What you should do: Repeat the listing below in full and exactly. Pictures are to be omitted.

Material provided:
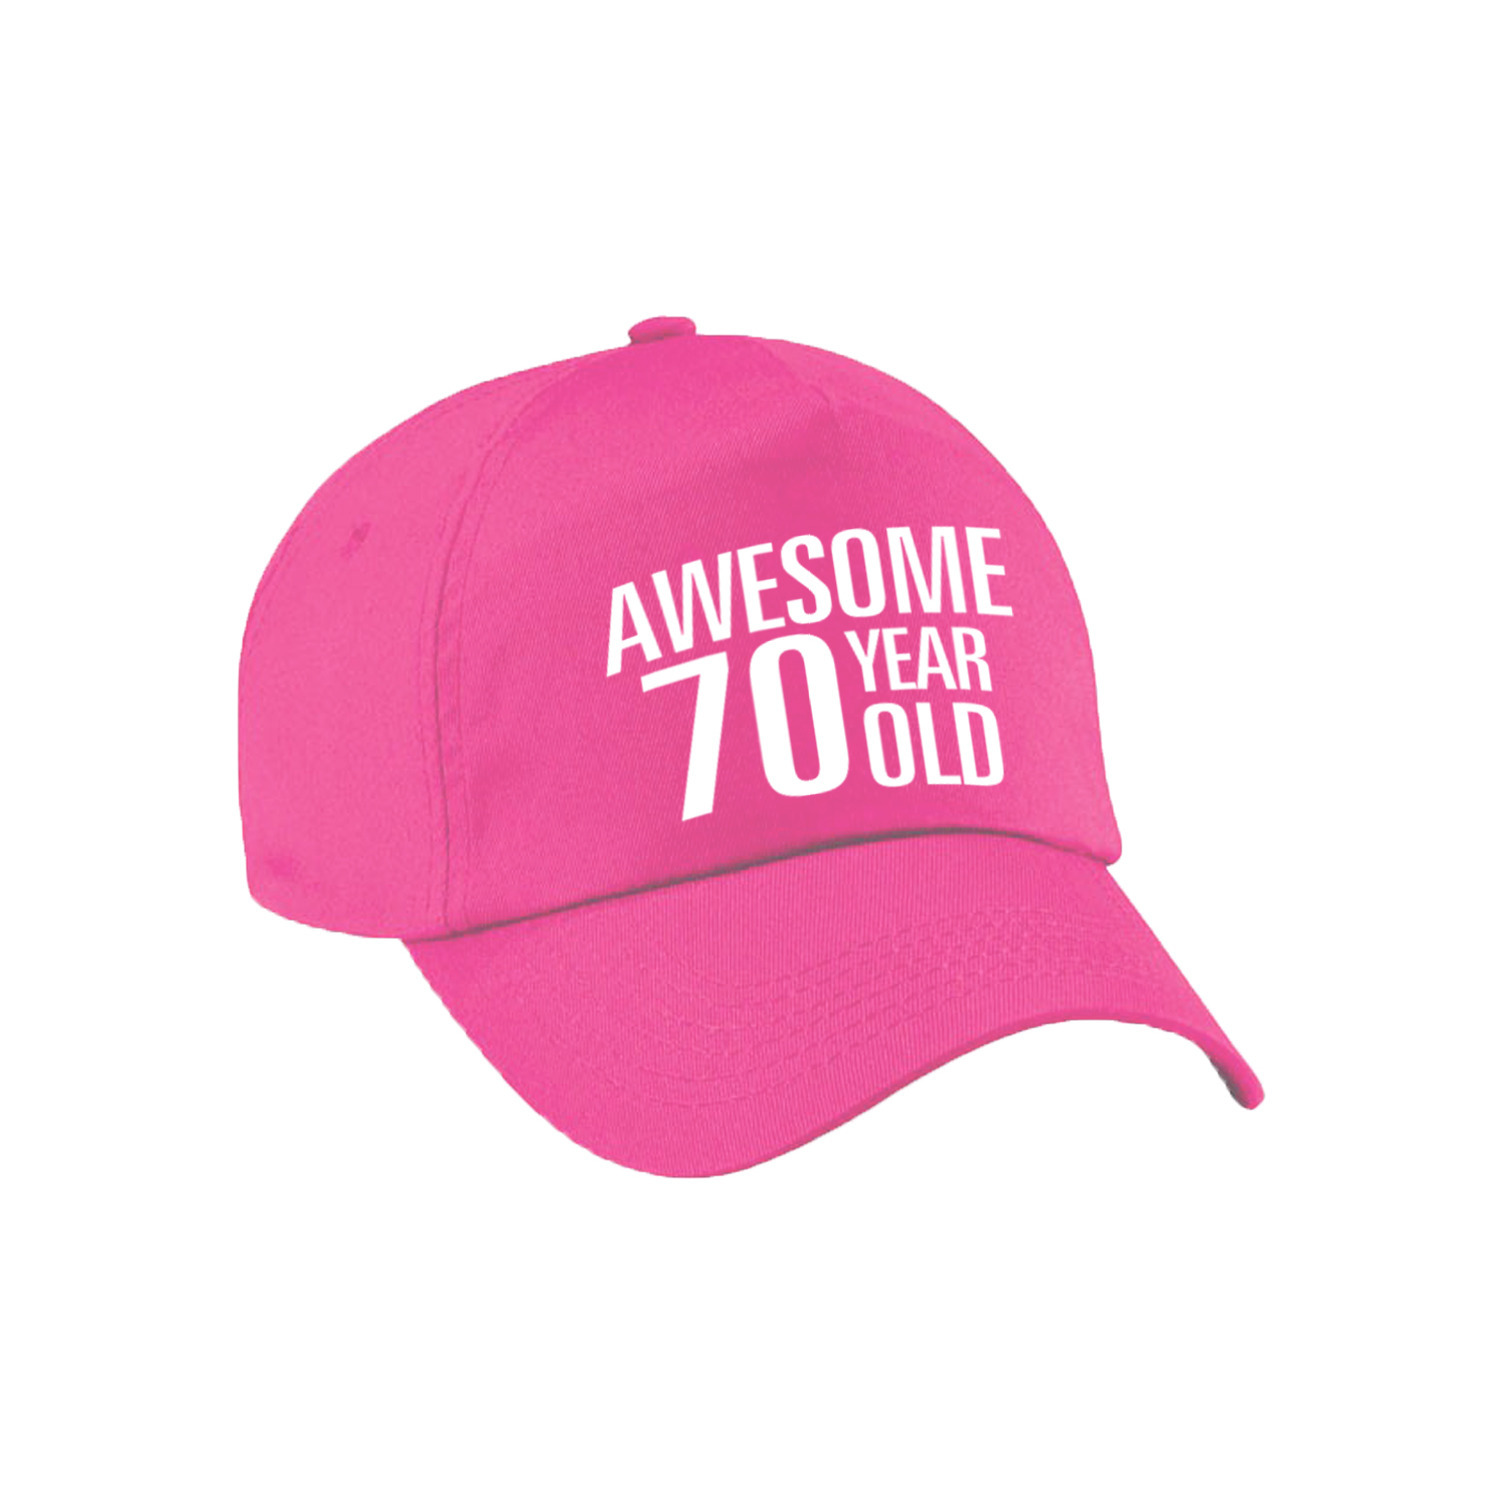 Awesome 70 year old verjaardag pet / cap roze voor dames en heren
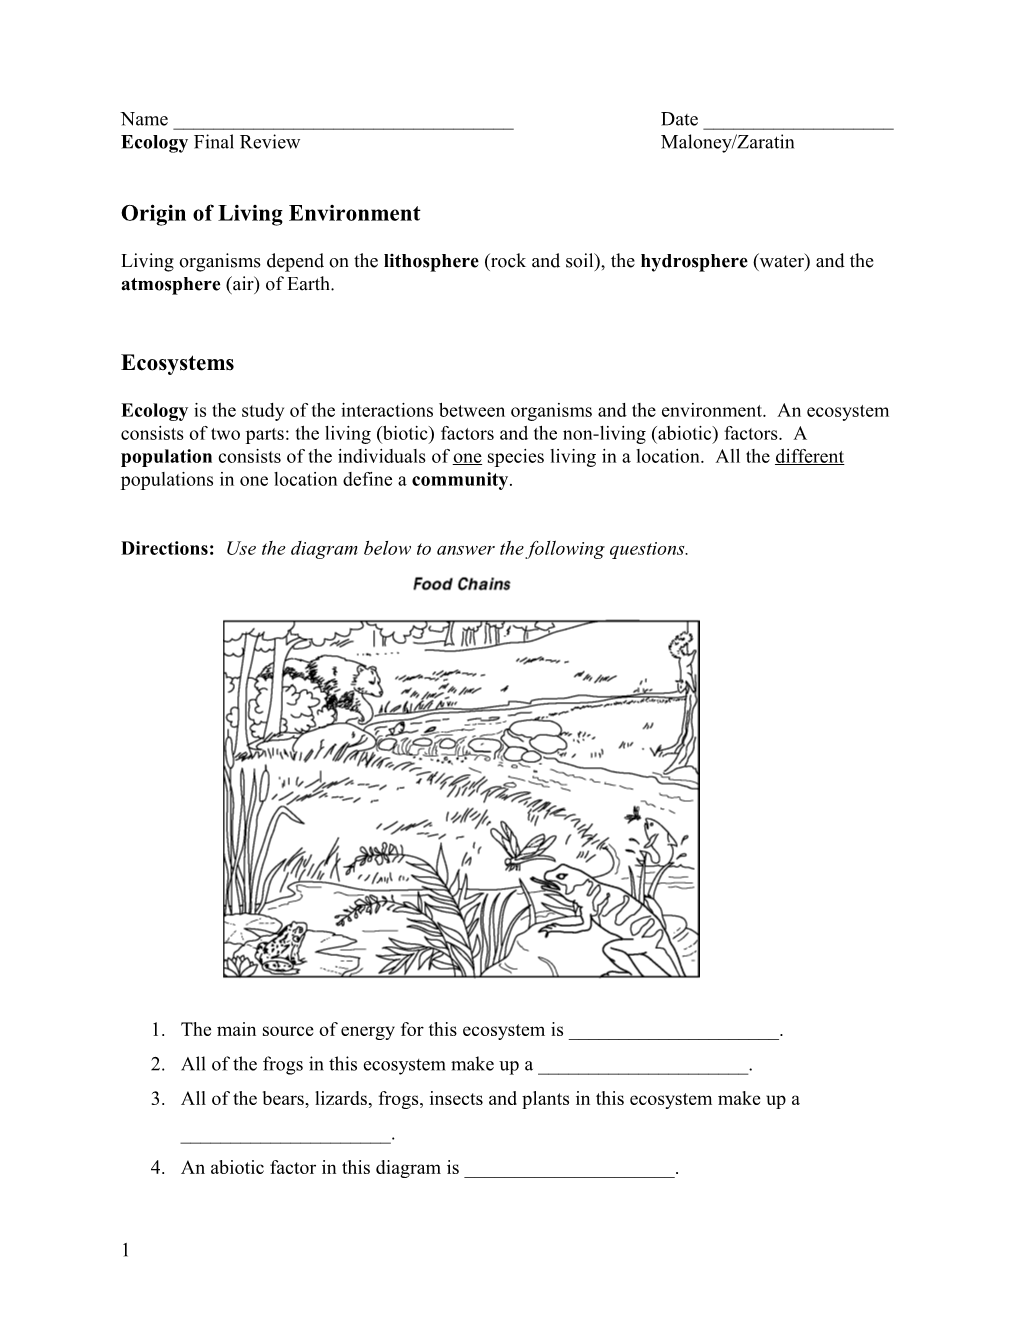 Ecology Final Review Maloney/Zaratin
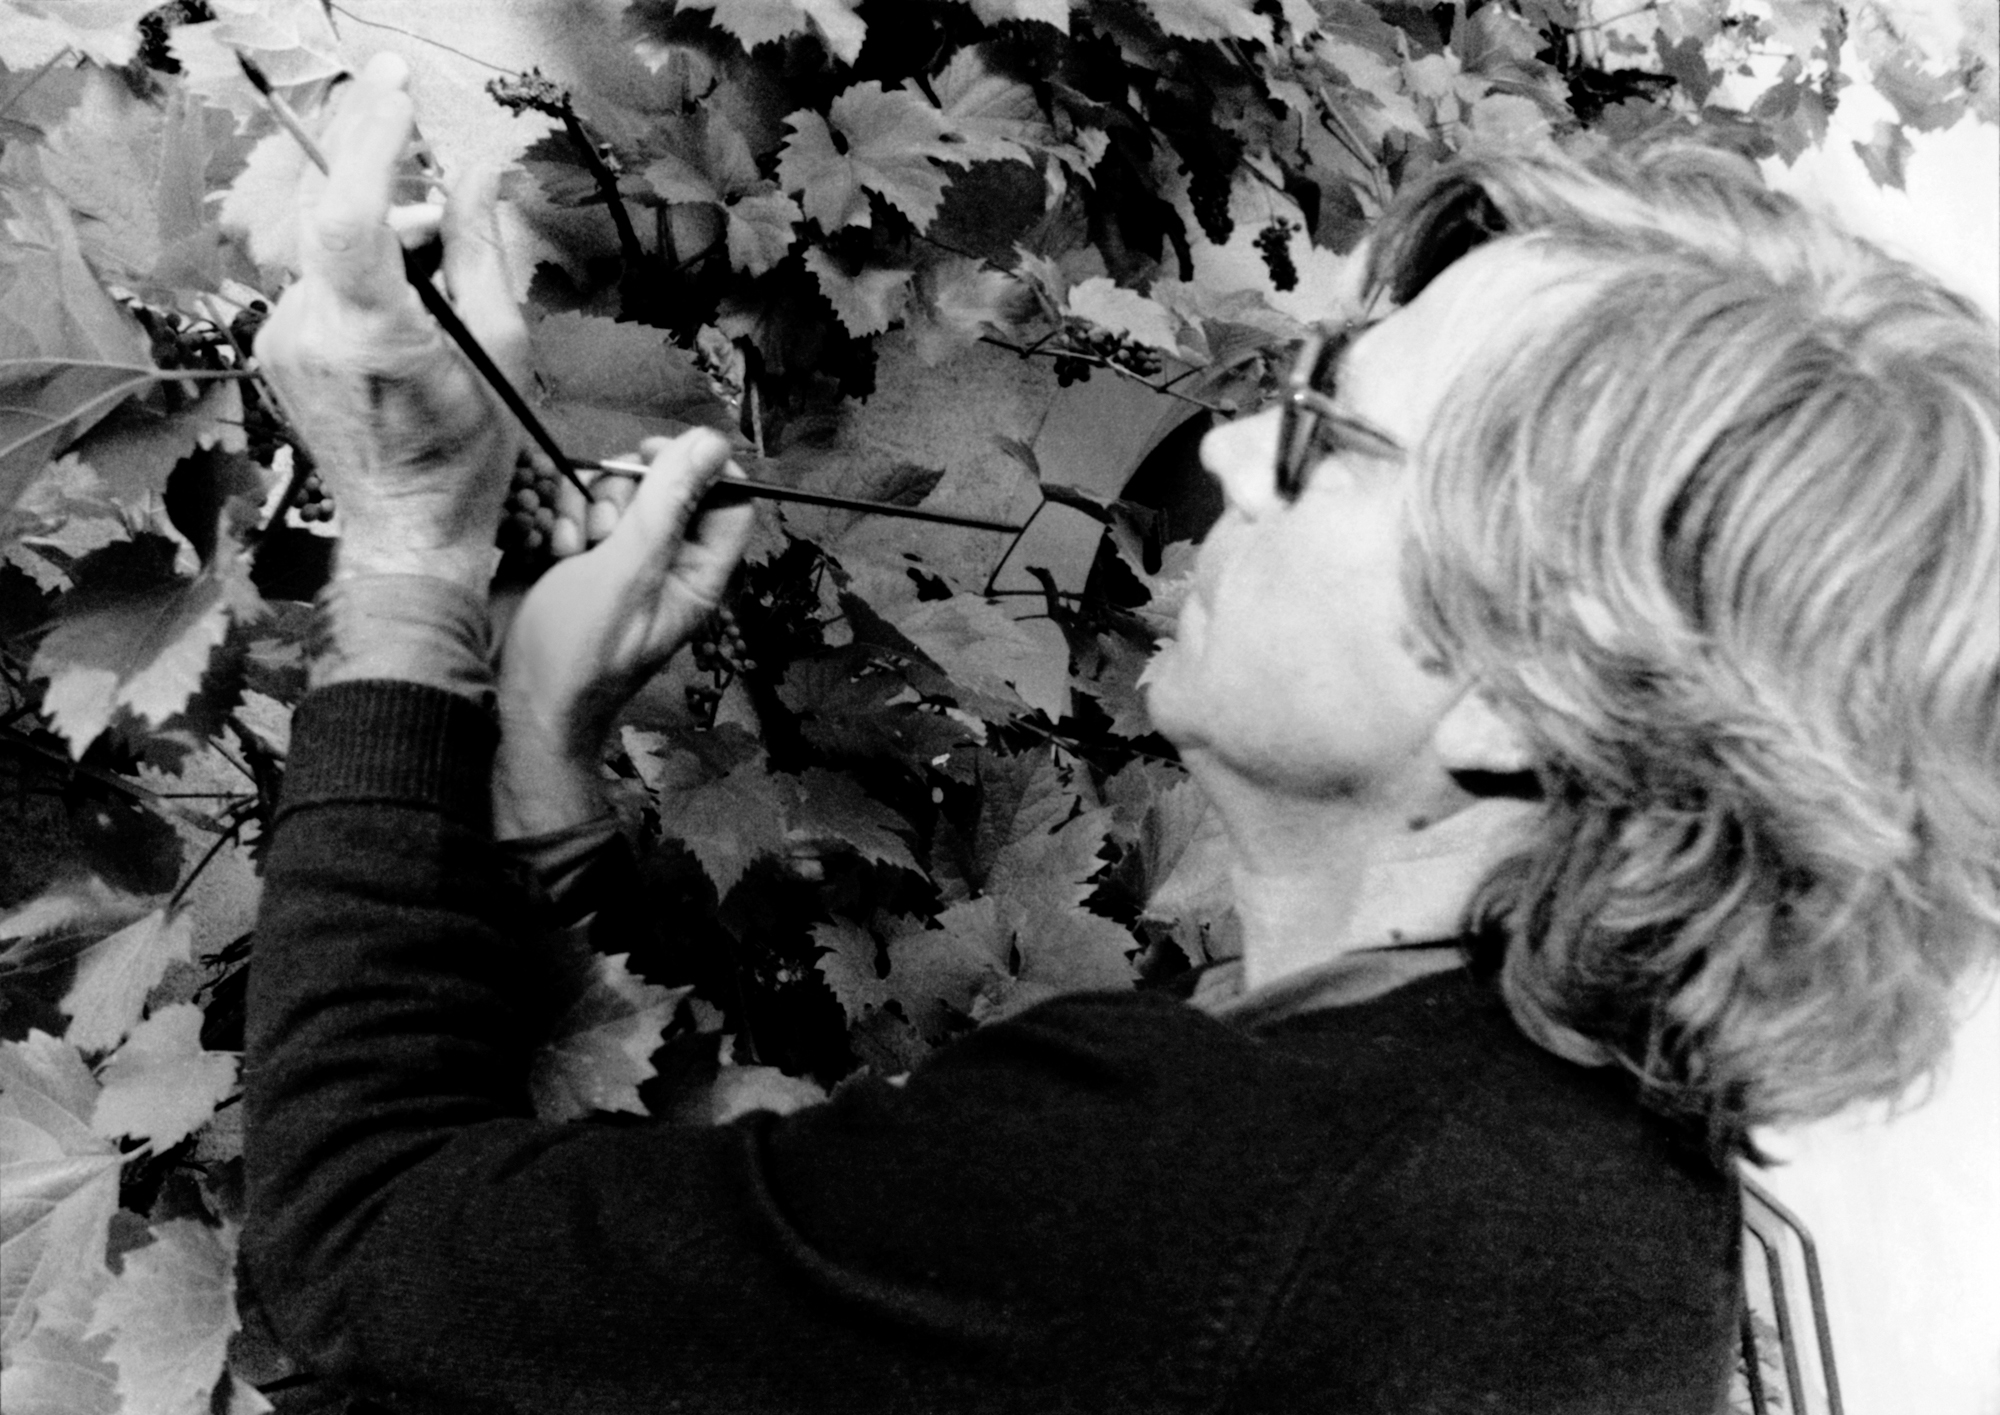 Bazon malt als Apelles Fliegen auf Trauben – Zeuxis und Parrhasios bewundern ihn., Bild: Baselland 1981. Foto | Annemarie Burckhardt.

Your response:
 Awesome 70 year old verjaardag pet / cap roze voor dames en heren
 Ecology Final Review Maloney/Zaratin
 Bazon malt als Apelles Fliegen auf Trauben – Zeuxis und Parrhasios bewundern ihn., Bild: Baselland 1981. Foto | Annemarie Burckhardt.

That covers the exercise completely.